Layer-one (L1) blockchains were the biggest winner of the 2021 bull market. However, one of the defining themes of the last 12 months is the adoption of Ethereum layer-two (L2) networks. With many people still holding these 2021 favourites or looking into ‘next-generation’ blockchains, I explore whether continued adoption of Ethereum L2s would be bearish for alternative blockchains. 

Key Takeaways

  • The market is saturated with blockchains, each fiercely competing to offer blockspace.
  • For alternative L1 blockchains, a new source of competition has come through Ethereum L2s, which will likely keep growing because they are integral to Ethereum’s scaling plans.
  • Despite the rise of Ethereum L2s, alternative blockchains are more than a hedge against possible Ethereum failure. They also offer different types of blockspace to fulfil certain user needs that Ethereum cannot.
  • While it’s unclear how many blockchains will ‘succeed’ in the coming years, it’s probable that it won’t be several dozen (i.e. how many exist today).
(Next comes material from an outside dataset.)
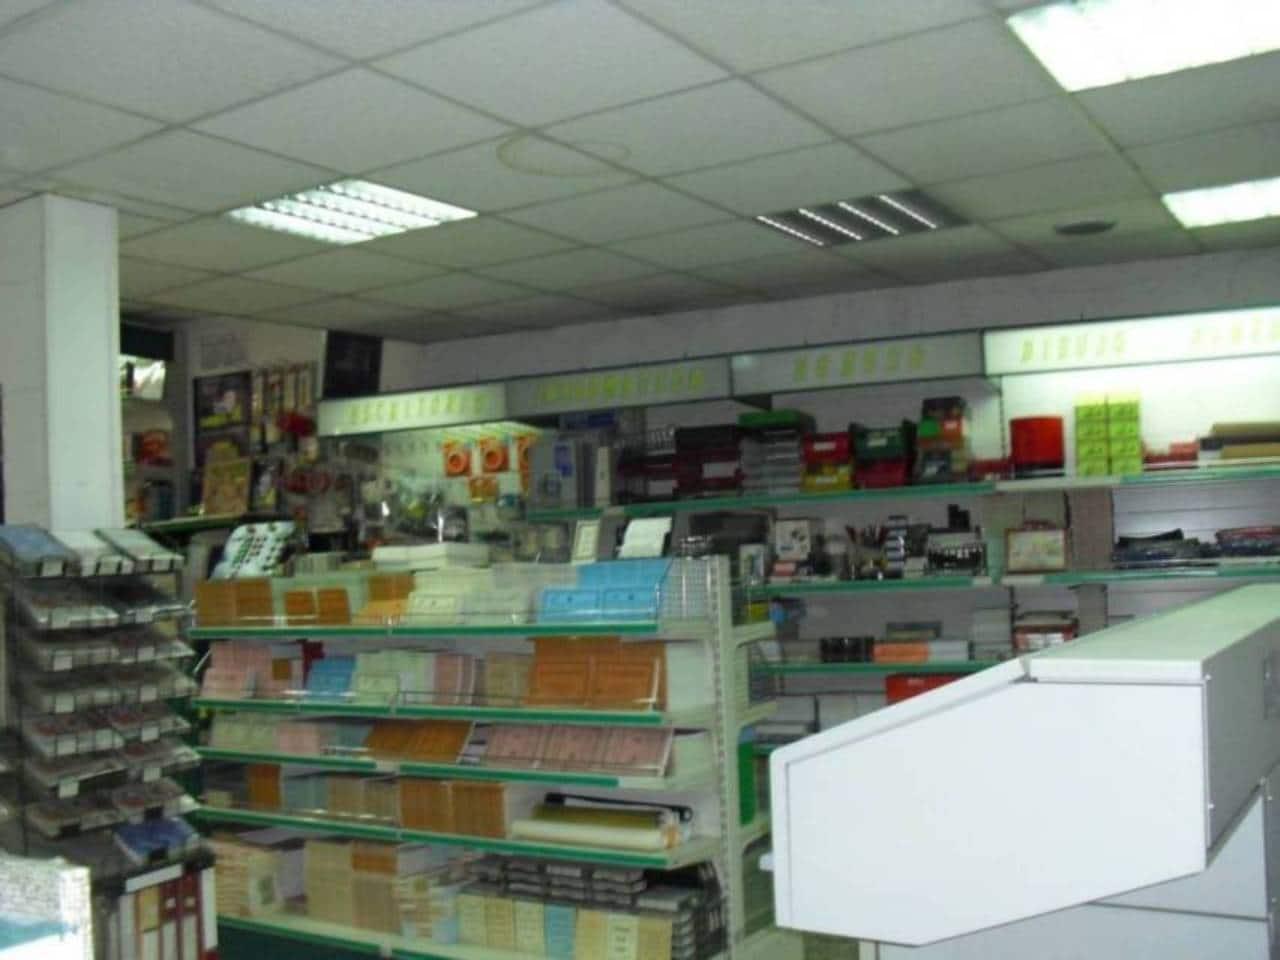 Local Comercial en Madrid ciudad en venta - 780.000 € (Ref: 4135268)
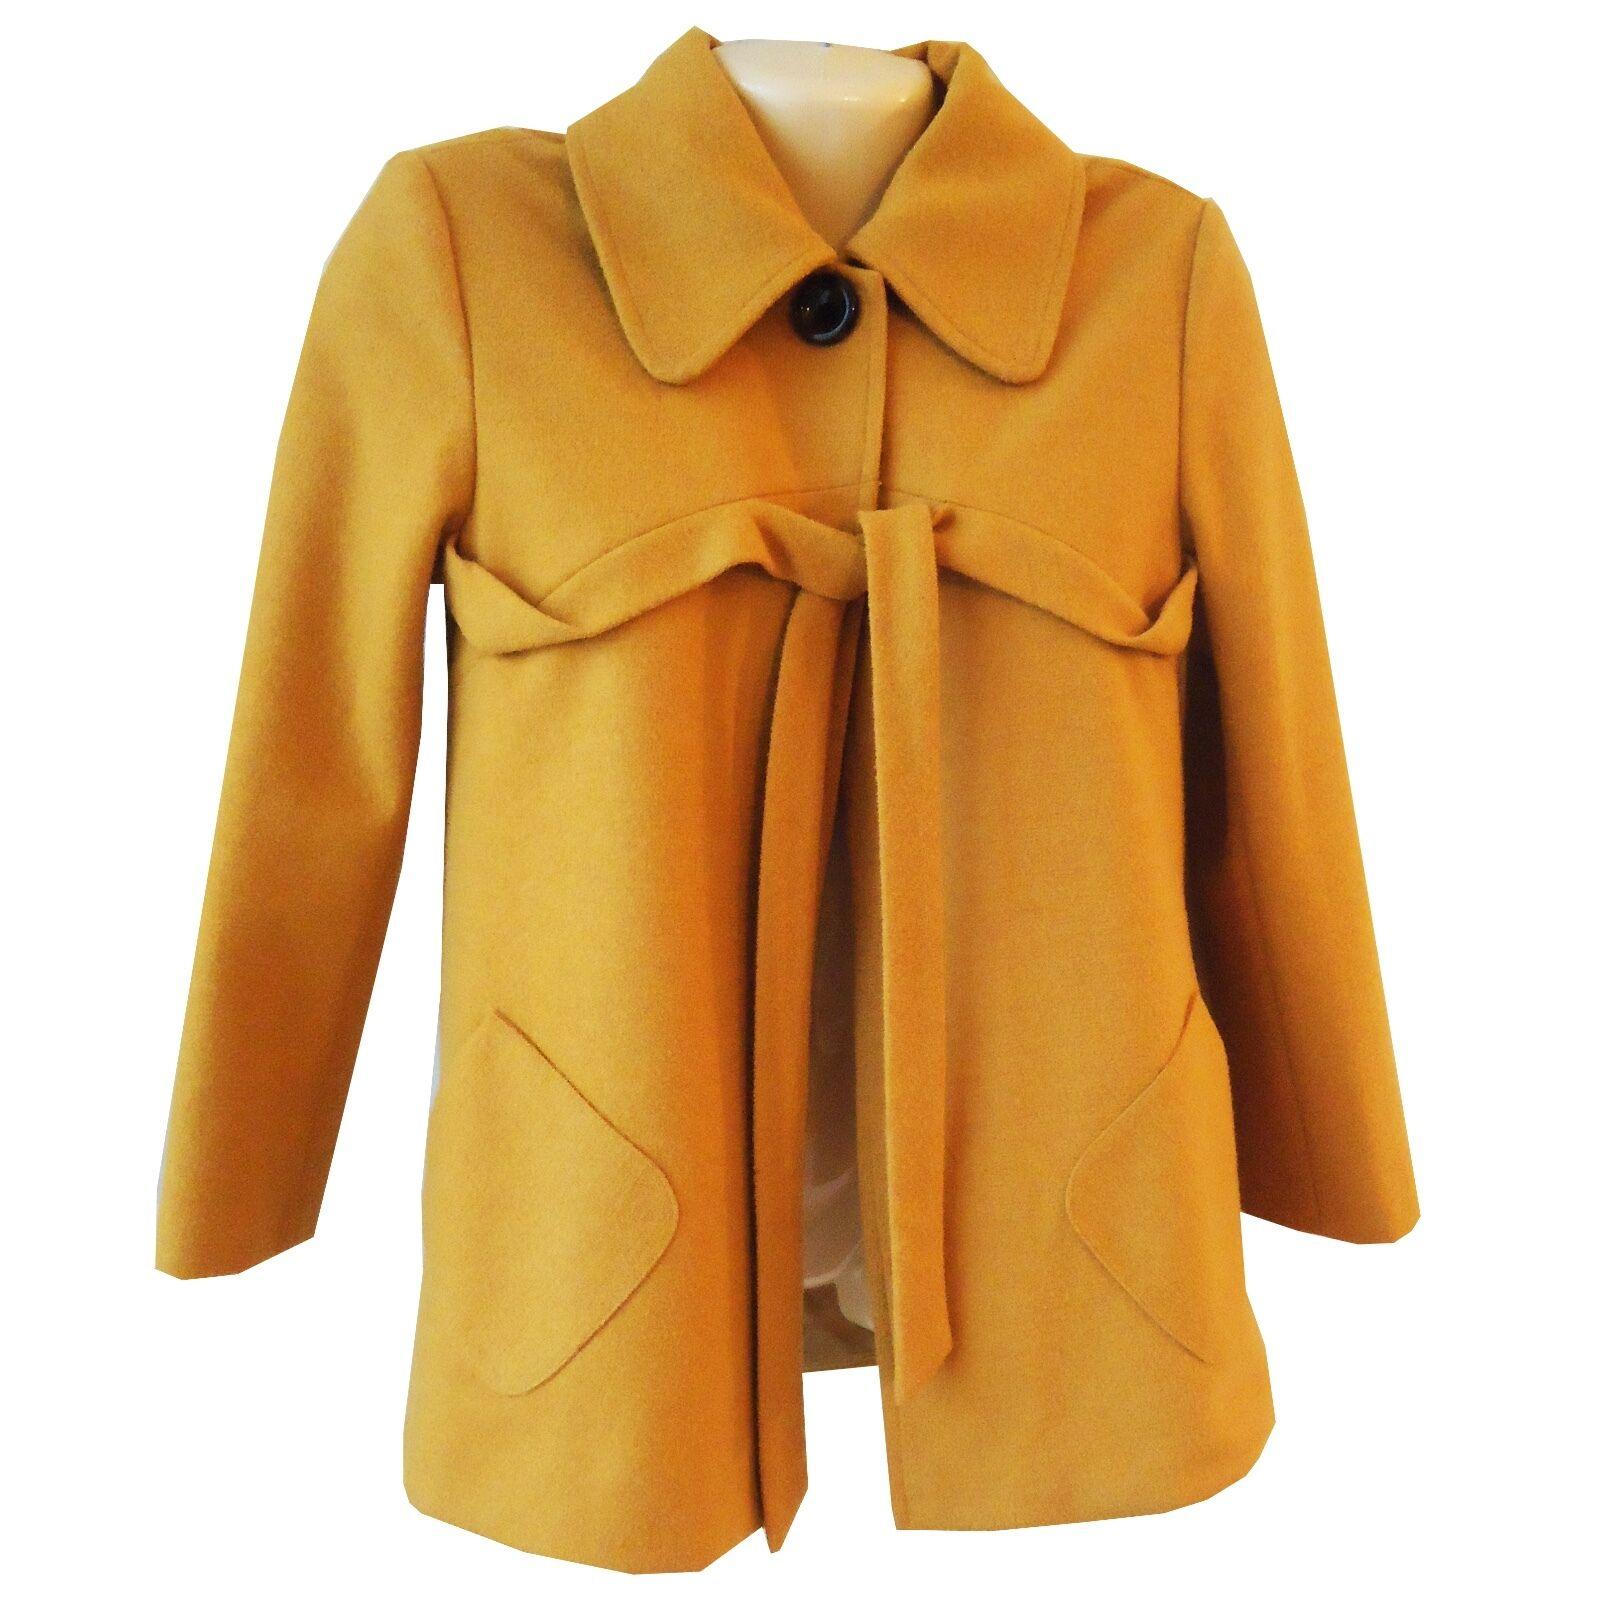 Chloe Mujer Chaqueta de abrigo forrado lana talla EU 34  nos 4 Mostaza Amarillo oro Corbata  mejor oferta

Multi-Year Rise of Ethereum L2s 

Ethereum L2s—networks built on top of Ethereum to help it become more accessible—have been one of the fastest-growing sectors of this bear market. Several have gone live and released significant upgrades while gaining more users, apps and developers. 

It’s a trend I’ve continuously covered for members since early 2021. For a trip down memory lane, see my posts on Polygon’s rebrand (Feb. 2021), the potential for L2s to airdrop tokens (Mar. 2021), and Optimism’s $25M raise (Mar. 2021). 

Widespread rollouts

Although it took much longer than initially anticipated for L2s to gain traction, they eventually did in mid-2022. Since then, there have been many mainnet launches and/or upgrades (e.g. Arbitrum One, OP Mainnet, Base, Mantle, Linea, Starknet, zkSync Era, Polygon zkEVM) and L2 token launches (e.g. ARB, OP). 

The most explosive L2 launch happened last month with Coinbase’s Base, which is already a top-five L2 by total value locked (TVL) and has had more than 143,000 ETH (≈$234M) bridged to it. 

Growing adoption

There is a common theme from various metrics—profit, transactions, TVL and demand are all growing and hitting near all-time highs. 

Profit: L2s have been rather profitable to date, with Base’s launch contributing to record profit in August. 

TVL: Value held in L2s has steadily increased, from less than $300K at the start of 2020 to $100M at the beginning of 2021 to $5B in 2022 to nearly $10B at the time of writing. 

Demand for L2s on L1: The percentage of monthly gas spent posting L2 data to Ethereum climbed to 5.7%, up from 2% at the start of the year, indicating heightened demand. September has already eclipsed August’s record high—only 14 days into the month! 

Activity: Onchain transactions on L2 have well and truly flipped L1, another sign that substantial activity is leaving L1 for L2. 

Ethereum L1 vs L2 transactions since Nov. 2019 (Source: Orbiter

One thing is clear: Demand to use Ethereum L2s is proliferating.